Using github is not a requirement for creating and publishing python packages, but I find it useful for managing my package files and documentation. It’s also possible to install python packages directly from a github repo without needing to publish to PyPI, which can be convenient for personal projects.

Basic requirements for a package

A minimal Python package contains:

A project directory folder (does not need to have the package name). This will be your working directory while you build the package. This could also be your github repo folder for the package.
A LICENSE file
A pyproject.toml file containing the package metadata (authors, license) and build requirements
A README.md file with a basic description of the package
A source (‘src’) folder to contain the python scripts
A folder (with the package name) with an init.py file (which will become a module/subpackage)
An optional ‘tests’ folder

For example:

project_directory/
    LICENSE
    pyproject.toml
    README.md
    src/
        mypkg/
            __init__.py
            core.py
    tests/

You can leave the extra files blank for now (we’ll fill them in as we go), but it’s helpful to have the package structure created to start with.

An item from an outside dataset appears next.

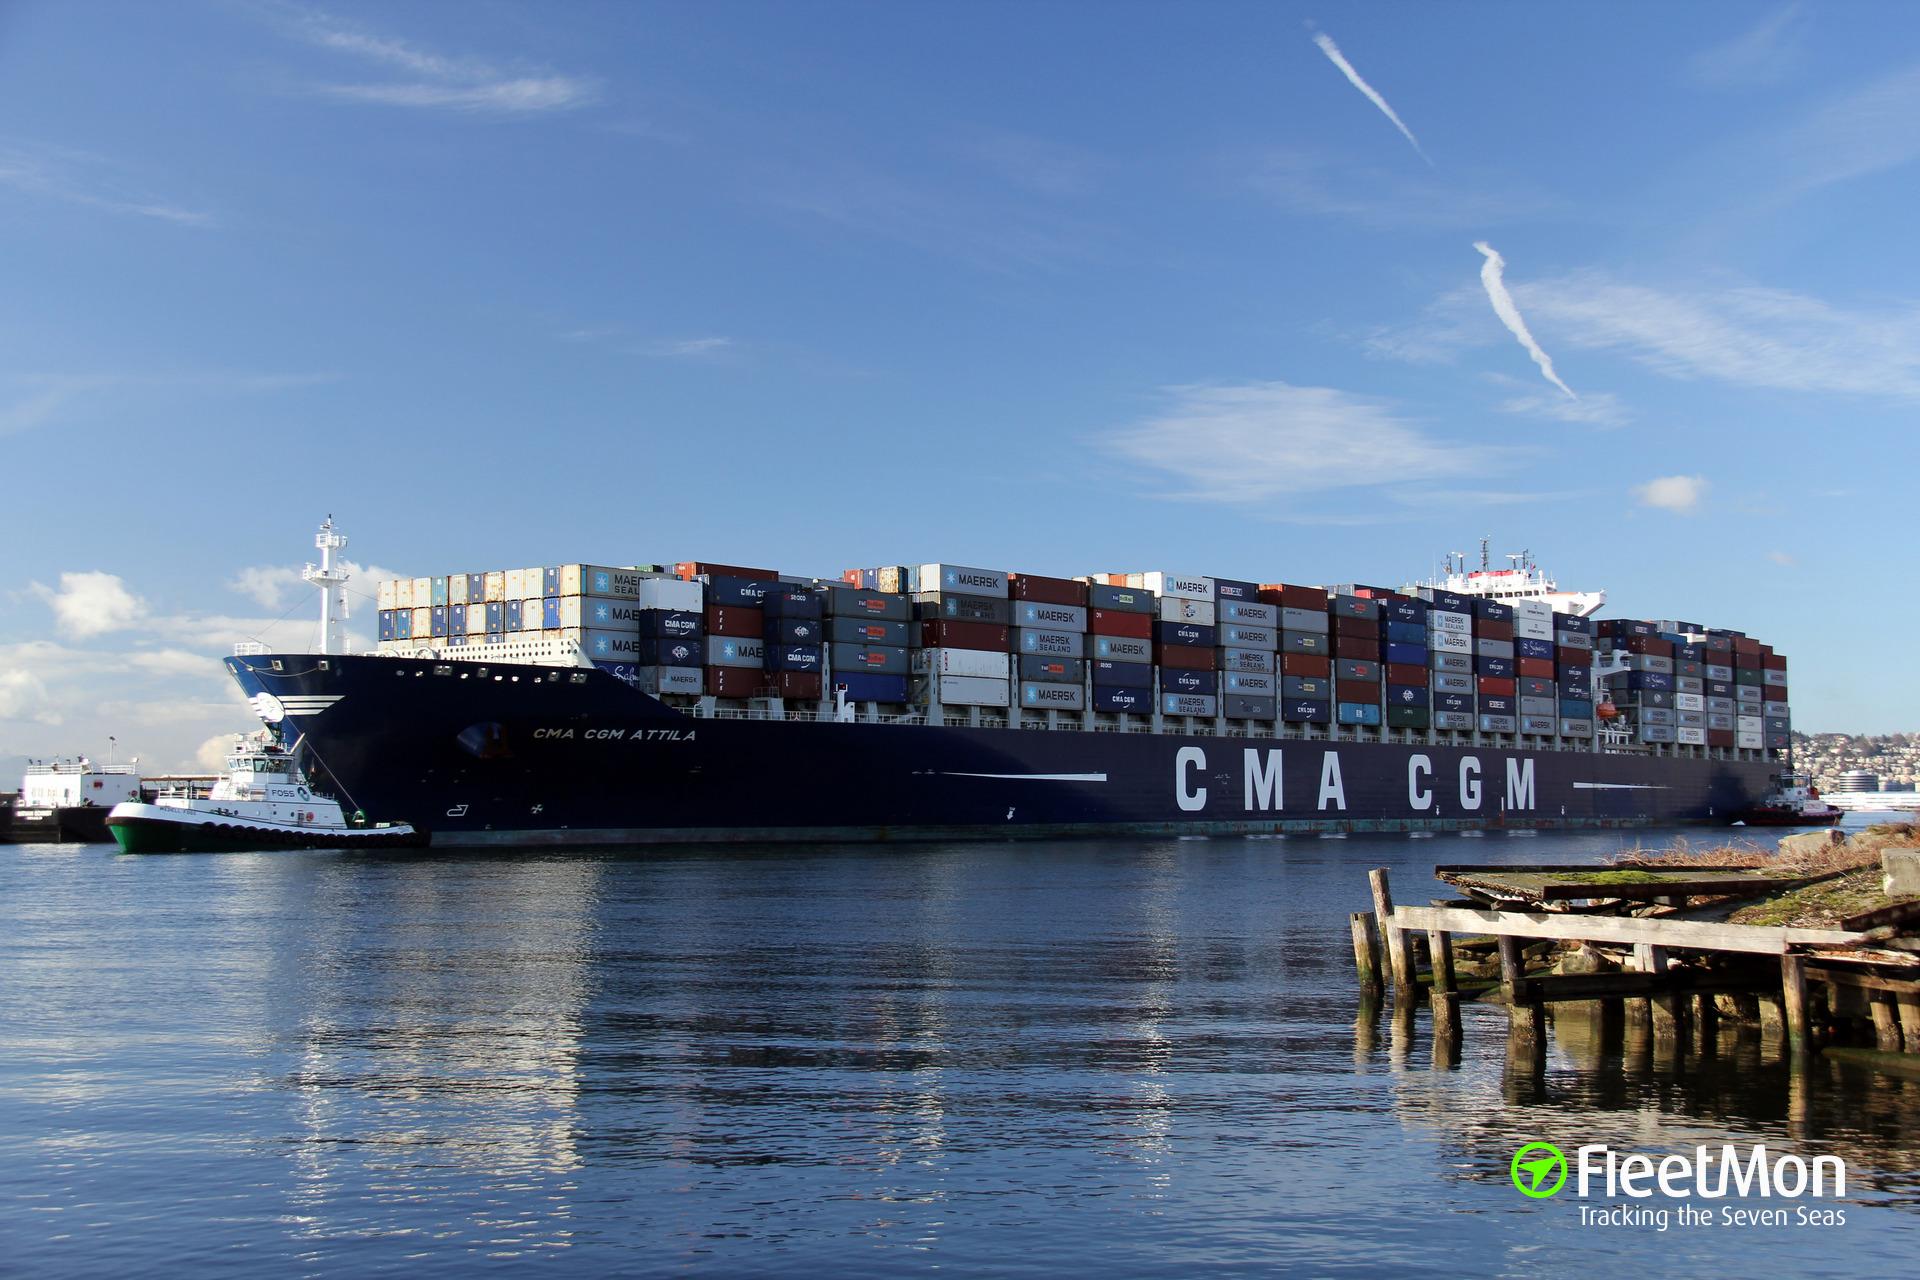 CMA CGM Attila allided with berth, Vancouver

Make sure you set your working directory to the project directory folder you made!

Now is a good time to set up a github repo using your project_directory folder if you have not done so already.

What not to include

Large datasets (unless essential)
Secrets, credentials, API keys, or private configuration
Temporary notebooks, experimental scripts, or build artifacts
Virtual-environment directories (venv/, .conda/, .Rproj.user/, etc.)

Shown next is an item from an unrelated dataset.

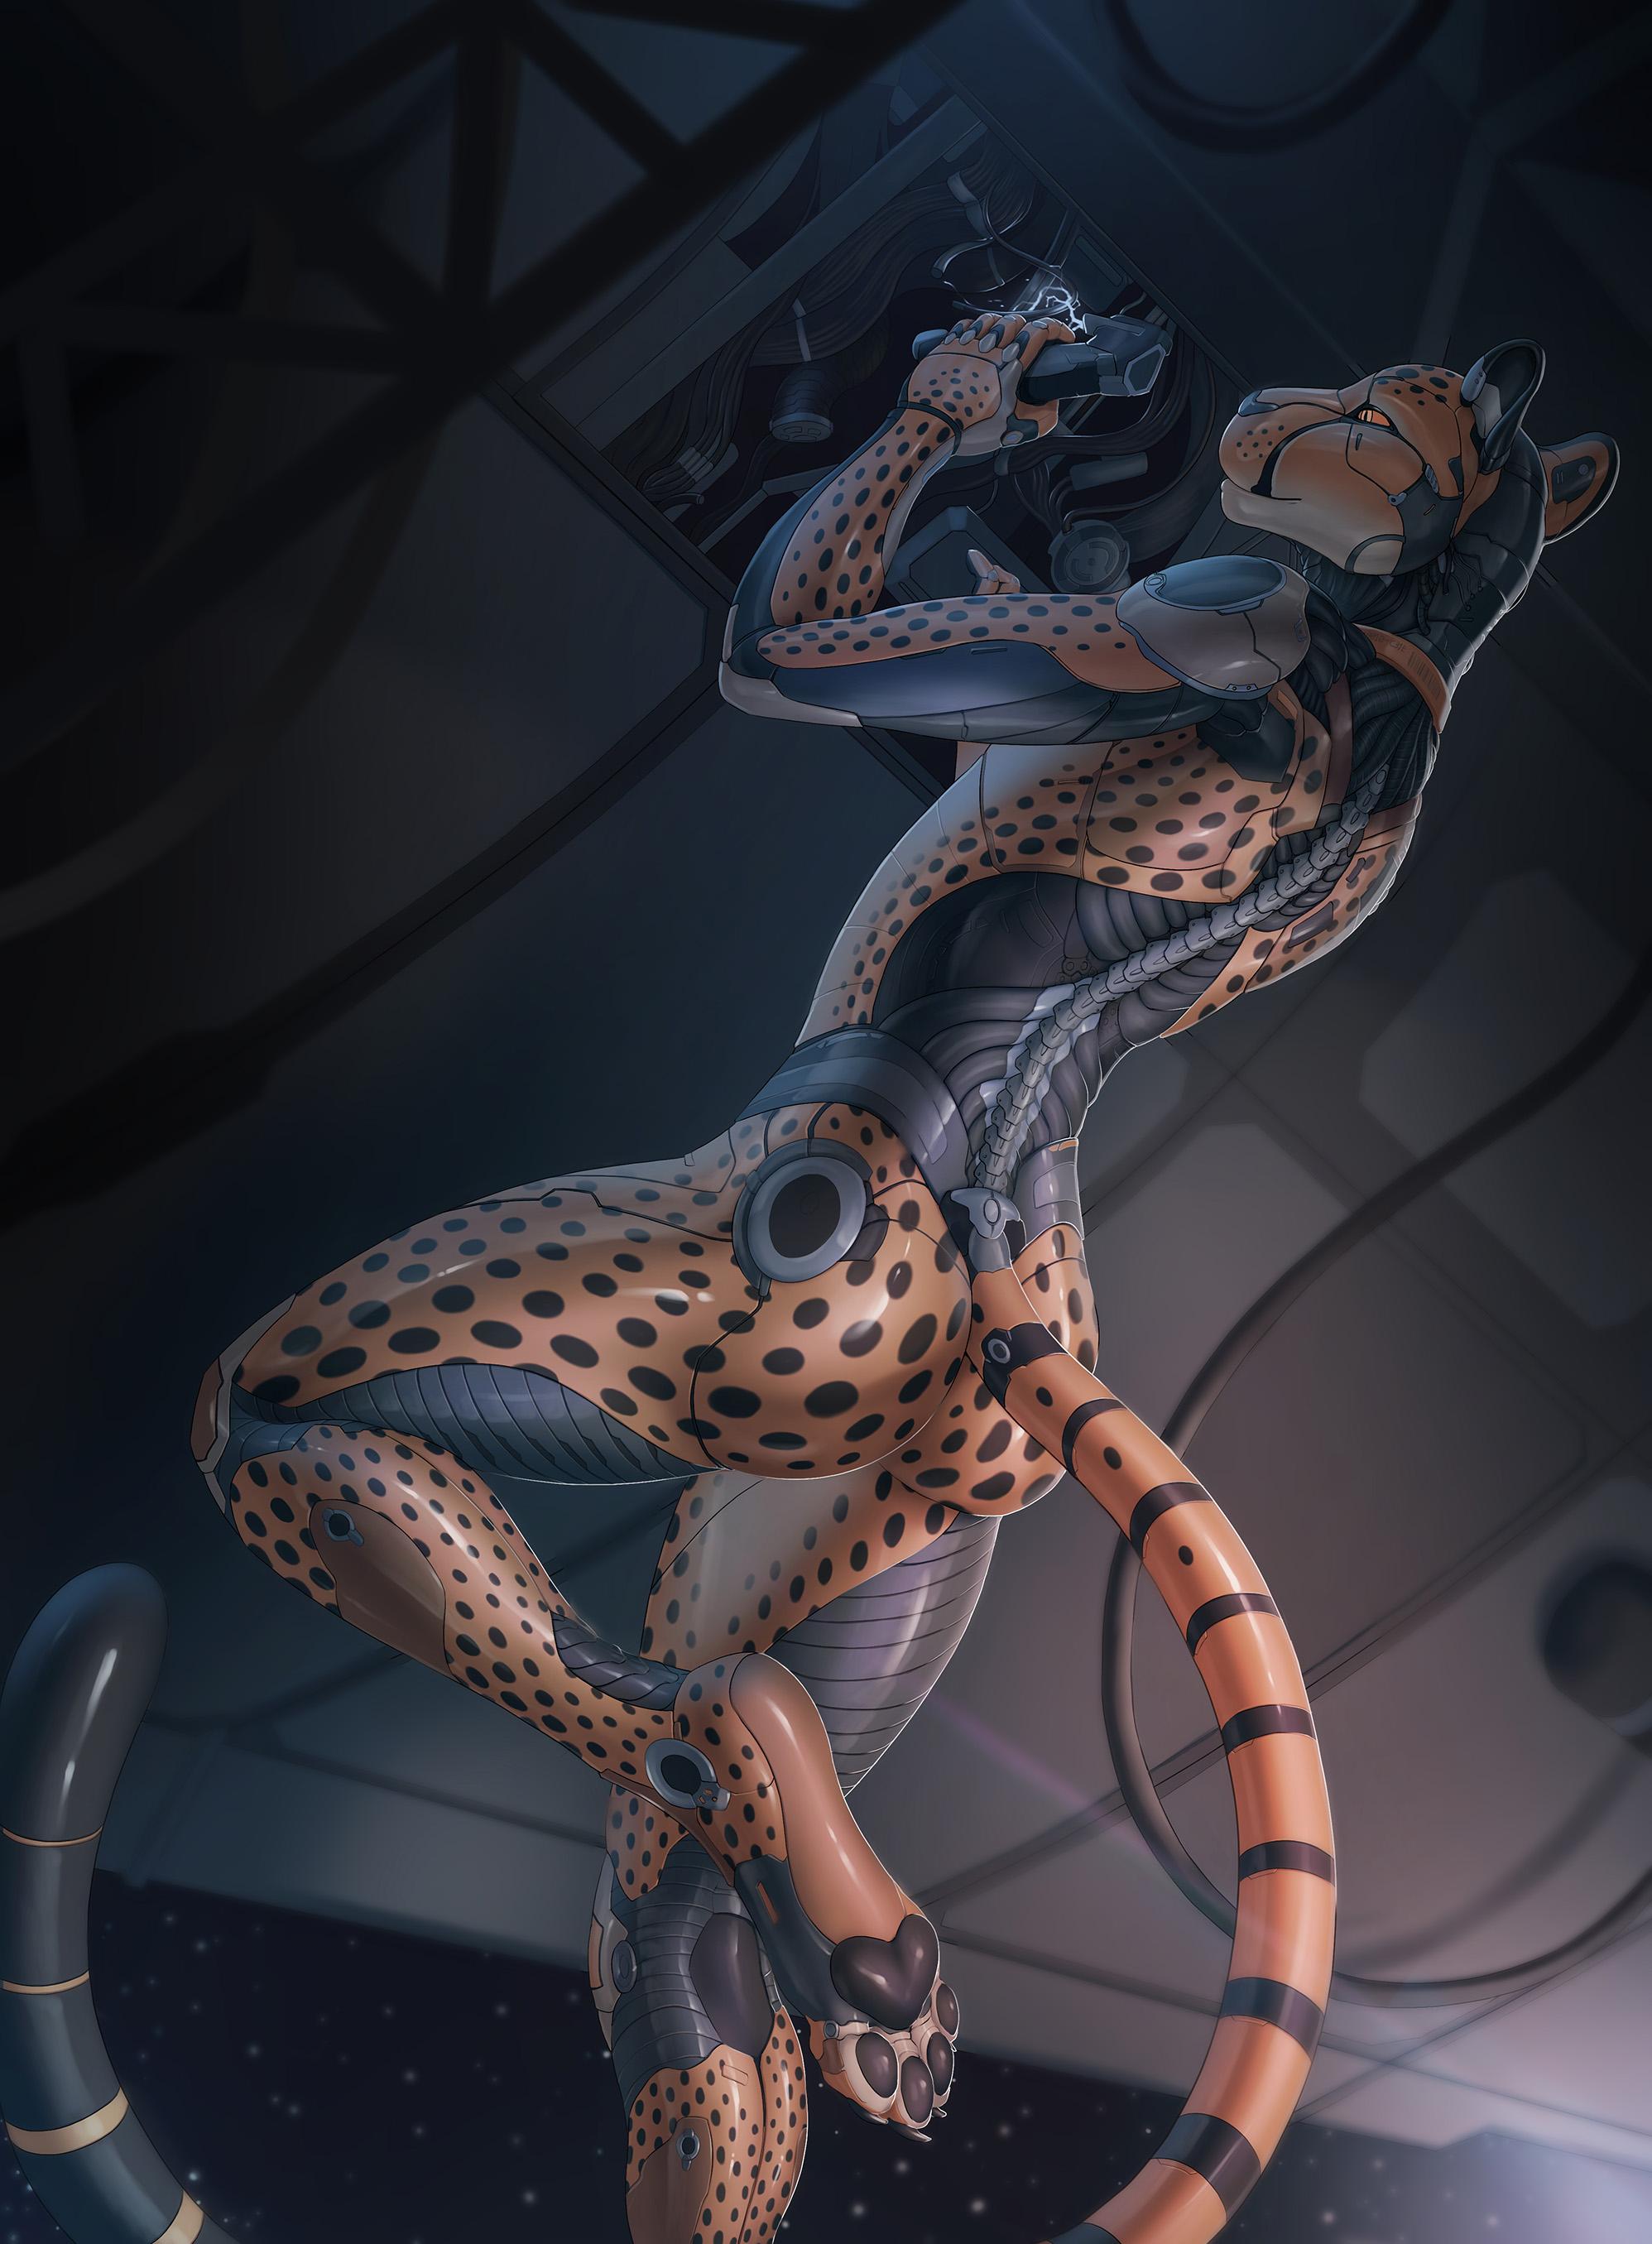 Cheetah Mechanical Frame by Tanraak — Weasyl

Functions, Objects, Data..?

In practice, we often begin with long-form exploratory scripts— Jupyter notebooks, quarto documents or single Python files filled with code written sequentially. Turning that into a reusable Python package requires reorganizing the code into modular functions, optional classes, and any data assets that belong with the package.

This section focuses on how to convert existing code into components that are clean, testable, and reusable inside a package.

Functions

Functions are used for repeated processes and will live in the individual python scripts in your ‘mypkg’ folder. You can have multiple functions per python script, but it can be helpful to have multiple scripts.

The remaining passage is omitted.